National child nutrition charity Magic Breakfast has published new YouGov teacher research in which more than half of all respondents reported concerns about an anticipated rise in hunger among children returning to school in September.

In a letter to the Department for Education, Alex Cunningham, Magic Breakfast CEO, wrote: “Income and job losses incurred as a result of COVID-19 have led to rising levels of food insecurity, including amongst children.”

Alex Cunningham continues: “The evidence is also clear that children from disadvantaged backgrounds have been worst affected by school closures, spending less time per day learning and struggling to access adequate internet and appropriate devices.”

Since 2018, Amazon has enabled Magic Breakfast to provide around 7,700 meals per day. The company has also set up STEM learning events with Magic Breakfast partner schools, including coding and robotics workshops, to help connect children to careers in the tech sector.

Majority of teachers report concerns about child hunger

The new research from YouGov found that in schools with above-average levels of disadvantage:

  • 64% of teachers surveyed anticipate there will be an increase in the number of children arriving at school hungry in September 2020, compared to September 2019
  • 79% of teachers surveyed think that hunger will harm efforts to catch children up on the learning they missed out on during school closures

When asked what policies they support to tackle child hunger, teachers backed firm action to ensure children at risk of hunger have access to a free school breakfast:

  • 86% of teachers surveyed support a nationwide programme to ensure children at risk of hunger have access to a free breakfast during the school term
  • 74% of teachers surveyed believe that school breakfasts will help children catch up on learning. This rises to 83% of teachers in schools with above average levels of disadvantage.

This reinforces previous research from the Institute for Fiscal Studies and Education Endowment Foundation, which found that Year 2 pupils in schools with a universal, free school breakfast provision made two months’ additional academic progress in one year, compared to children in schools with no such breakfast provision.

Free breakfasts for thousands of families

Amazon employee stood next to a Magic breakfast sign and cereal boxes
Photo by Joel Chant

In response to the COVID-19 pandemic, lockdown and school restrictions, Amazon expanded its long-standing support for Magic Breakfast by providing its warehousing and logistics expertise.

Guided by partner schools, and with generous support from food suppliers, Magic Breakfast has been able to deliver food for take-home breakfast packs to schools or alternative delivery sites during lockdown.
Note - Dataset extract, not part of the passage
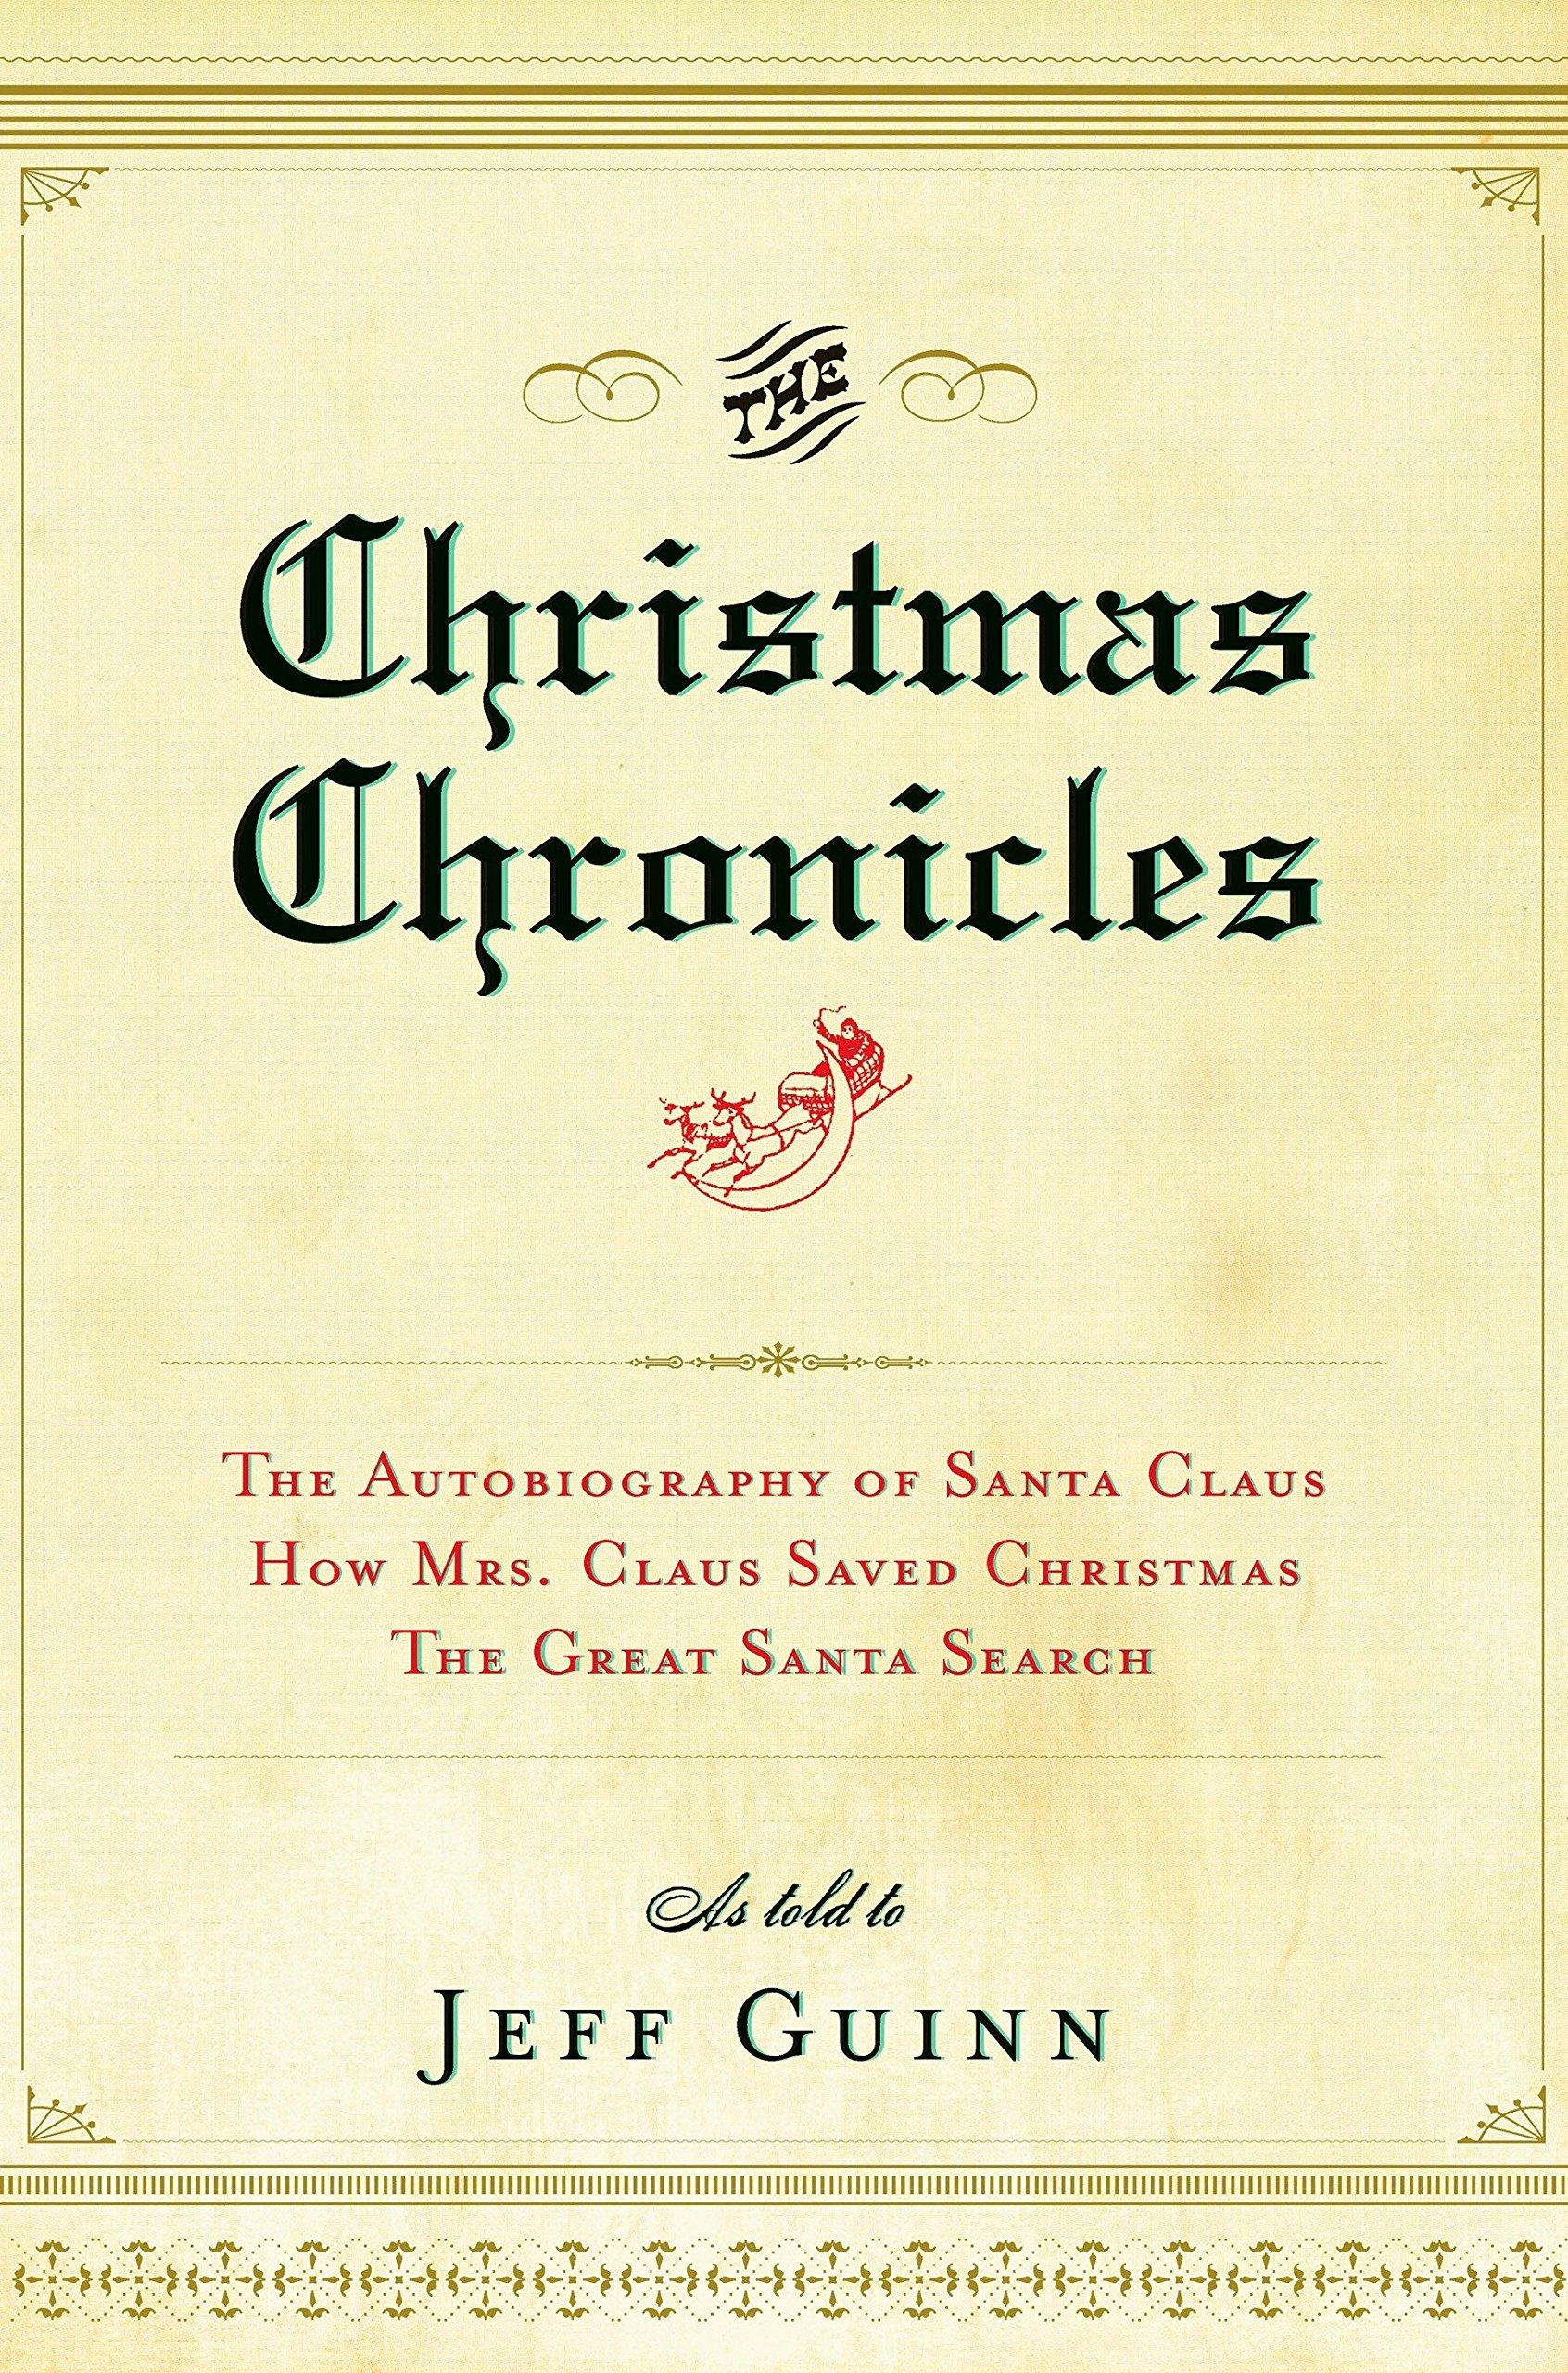 Christmas Chronicles Mrs Claus.The Christmas Chronicles Jeff Guinn 9781585426690 Amazon

In addition, Amazon has delivered parcels of breakfast food to the doorsteps of families who would be difficult to reach otherwise.

Around 35,000 children have been receiving packs containing two weeks’ worth of Magic Breakfast food, either via their schools, or via an Amazon delivery. Breakfast deliveries will continue throughout the school summer holidays.

Shafiya Shah, Corporate Partnerships Manager for Magic Breakfast, explained how Amazon’s support has made this possible.

“With schools closed, we had to re-establish the way in which we reach children at risk of hunger. This involved a huge mapping exercise to establish areas of need and to set up delivery methods that would allow us to reach these children.”

“Amazon’s logistical support was the missing piece of the puzzle. Their contribution has made it possible to reach as many children as possible with home deliveries.”

Magic Breakfast is working closely with its partner schools to offer a flexible ‘hybrid model’, enabling schools to package and deliver food parcels based on local needs and infrastructure.

“We trust our partner schools to guide us on where the most vulnerable families might be”, Shafiya explains. “It’s important to understand that a child who was not at risk of hunger three months ago may now be at risk of food insecurity. Schools are the best option to guide us on which families may have fallen into financial difficulties.”

What are teachers saying?

Nicola Noble, co-Head Teacher of Surrey Square Primary School in London, added her voice to the campaign: “The results of this survey reflect the challenges I have experienced at my school. Many of our families are struggling to put food on the table as a result of COVID-19 related income and job losses and are looking to the school for help.”

“With support from Magic Breakfast, we have been able to provide free school breakfasts to children at risk of hunger since 2011 and I’ve seen first-hand the difference this makes. Pupils start the day with full stomachs, feeling settled and calm, and are better behaved and more able to concentrate on lessons.”

“This will make a massive difference as we begin the task of supporting wellbeing and catching up on missed learning, come September,” Nicola adds.

In response to the support from Magic Breakfast and Amazon, an Executive Headteacher of a Magic Breakfast partner school also said: “Thank you so much for this valuable support you are offering to our families. It is much needed and much appreciated.”